Indigenous lung study ‘a call to arms’ : expert

Thursday, 28 May 2015

The findings of a recent study on lung health in Indigenous Australians should serve as a call to arms for all respiratory researchers, an expert says.

Professor Graham Hall a respiratory scientist at the Telethon Kids Institute in Western Australia was commenting on a study from the Kimberley region of Australia that found COPD was no more prevalent in Australian indigenous populations than non-indigenous populations.

Lead author of the study Nathania Cooksley from Cairns Hospital said their findings confirmed previous research showing that Aboriginal Australians had small lung volumes compared to non-indigenous Australians.

It was these smaller lung volumes that may reduce respiratory reserve and increase the chance that an intercurrent illness would be mislabeled as an exacerbation of COPD, Cooksley told the limbic in an interview.

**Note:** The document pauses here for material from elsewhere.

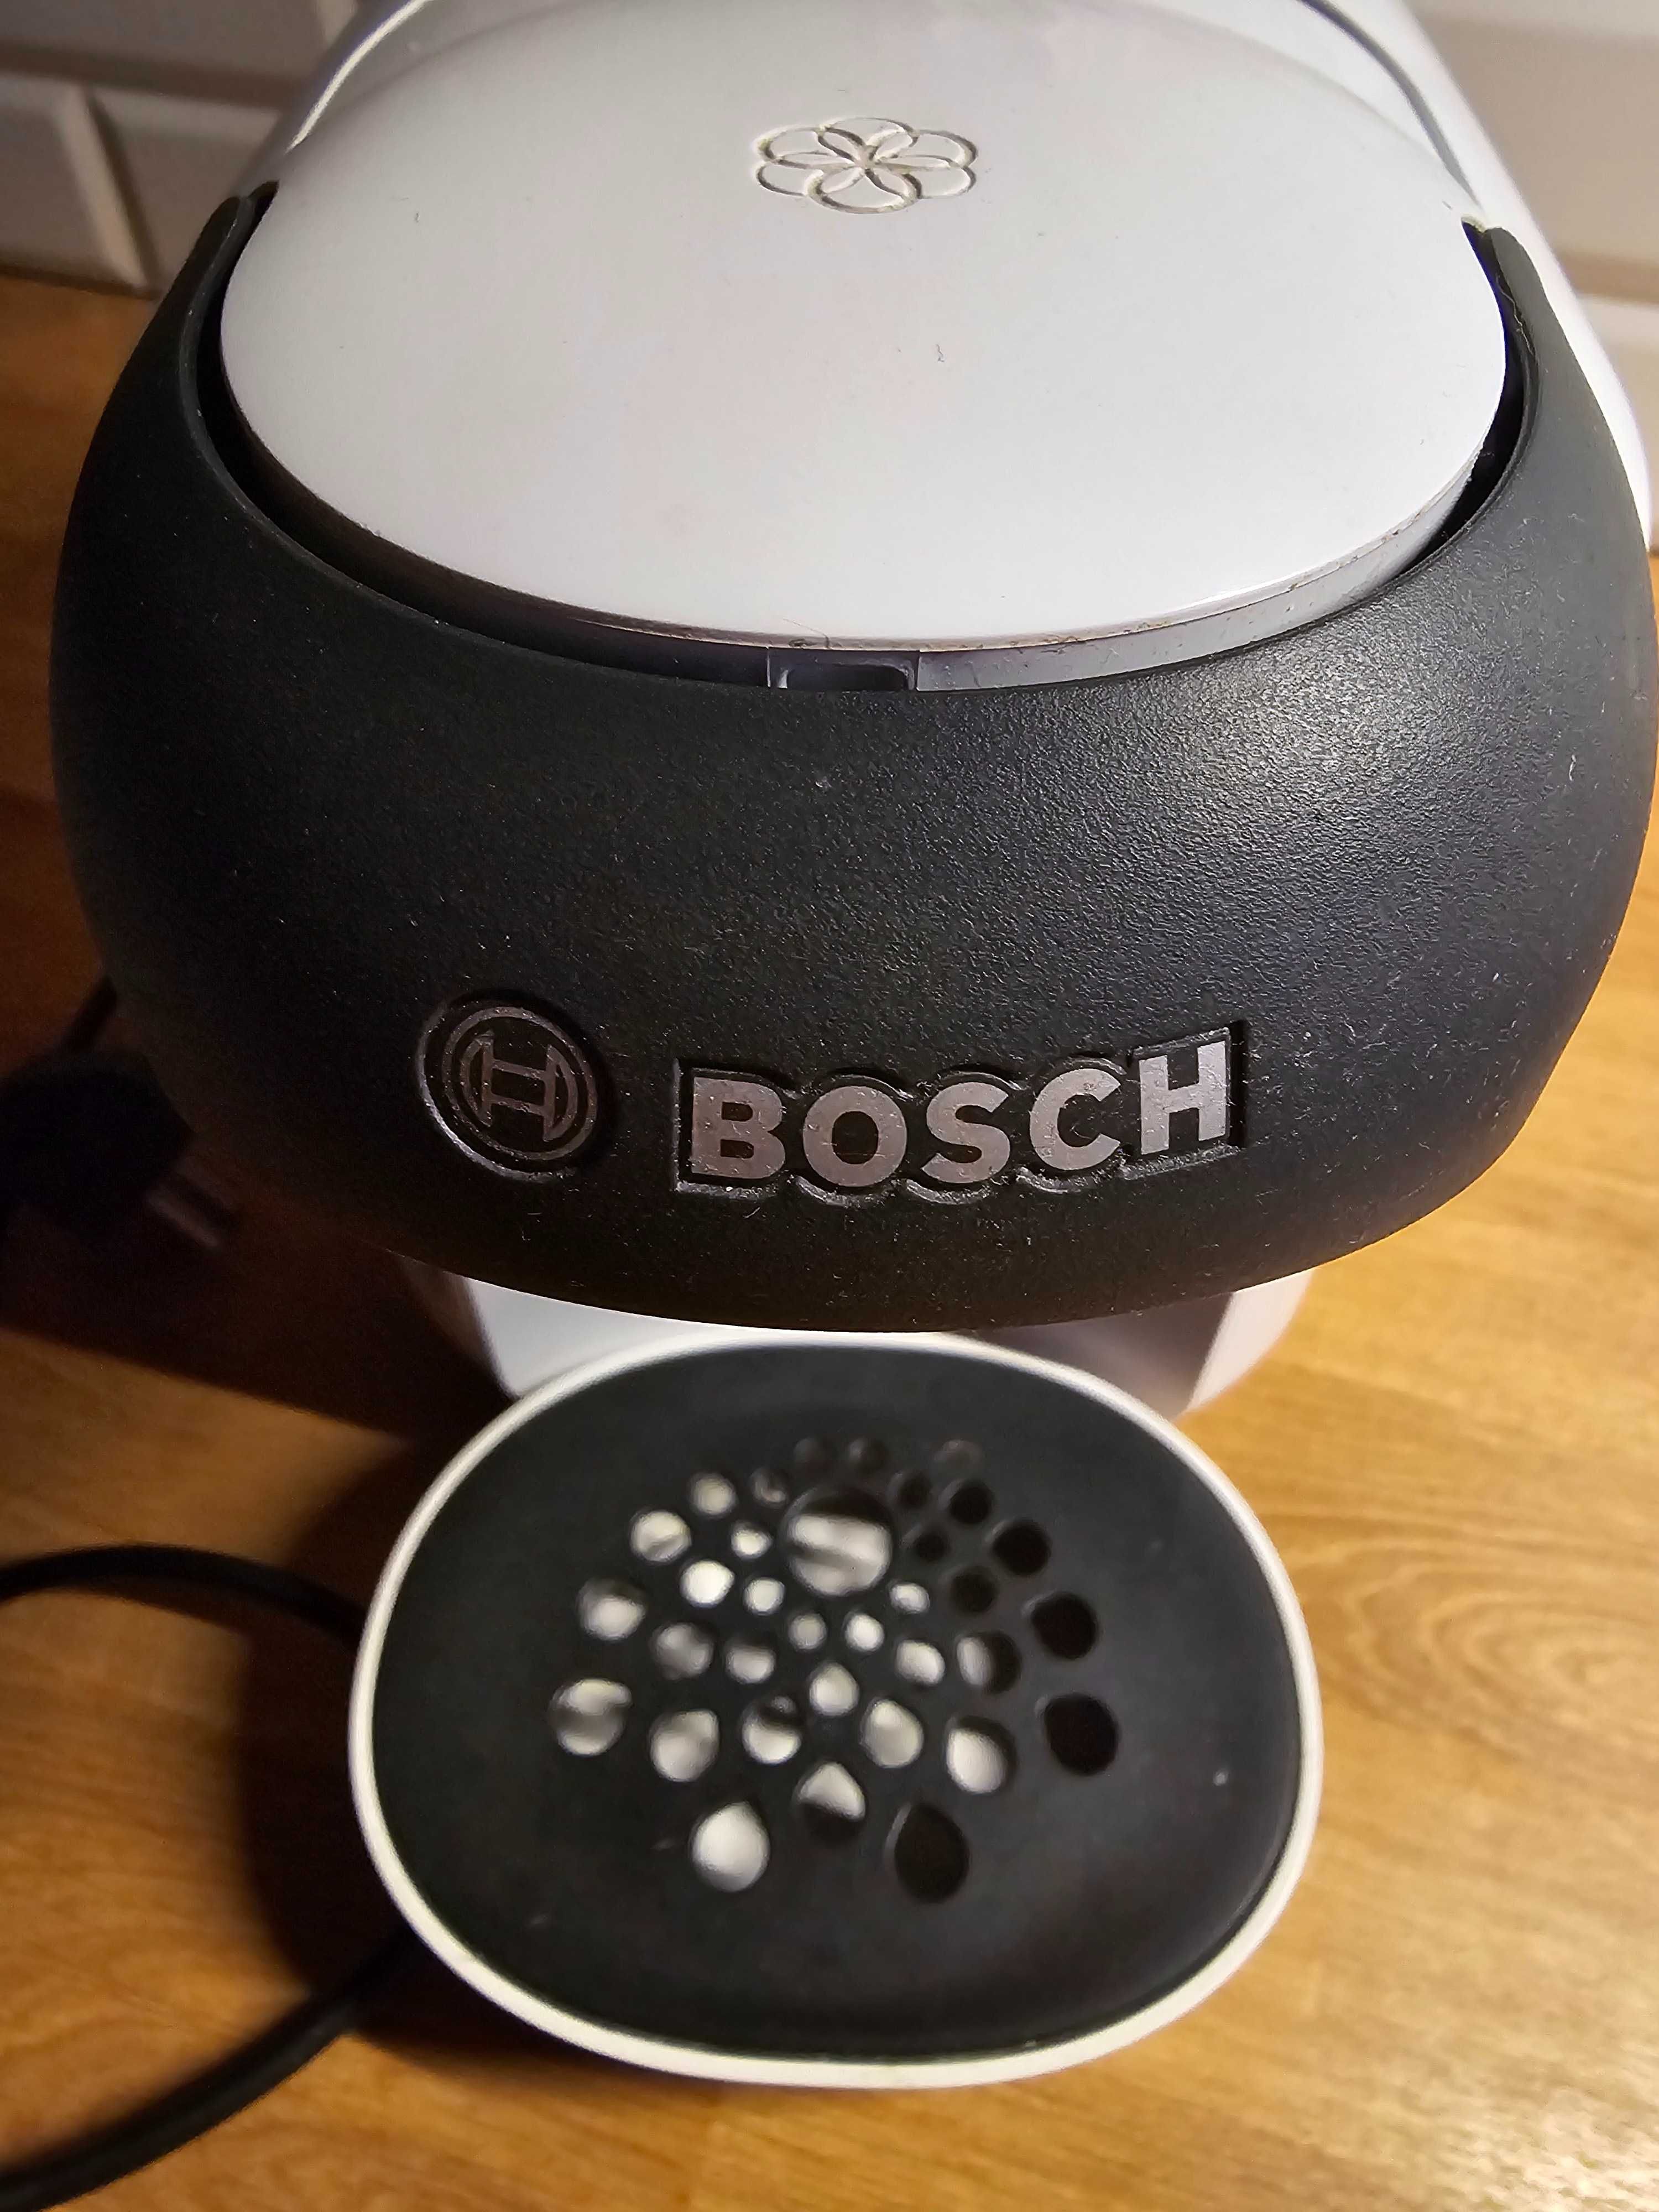 ekspres kapsułkowy Bosch jak nowy

The research team hypothesised that the small lung volumes were due to socioeconomic and environmental risk factors more than genetic factors.

However in an editorial published this week Professor Graham Hall said that although the pre-and post-natal environment will play some role in the lower lung function in otherwise healthy Indigenous Australians there was as yet no evidence that that it could account for the differences reported by Cooksley and her colleagues. 

“As such, the spirometry derived outcomes of this study should be treated with caution until such time as accurate reference ranges in Aboriginal peoples are available,” he wrote in Respirology.

The study should serve as a call to arms for all respiratory researchers, he said.

“It reflects poorly on us all that we cannot, with any confidence, define the normal range of lung function in Aboriginal Australians and that investigators and healthcare professionals are forced to inappropriate predicted values for both research and and clinical lung function testing,” he concluded.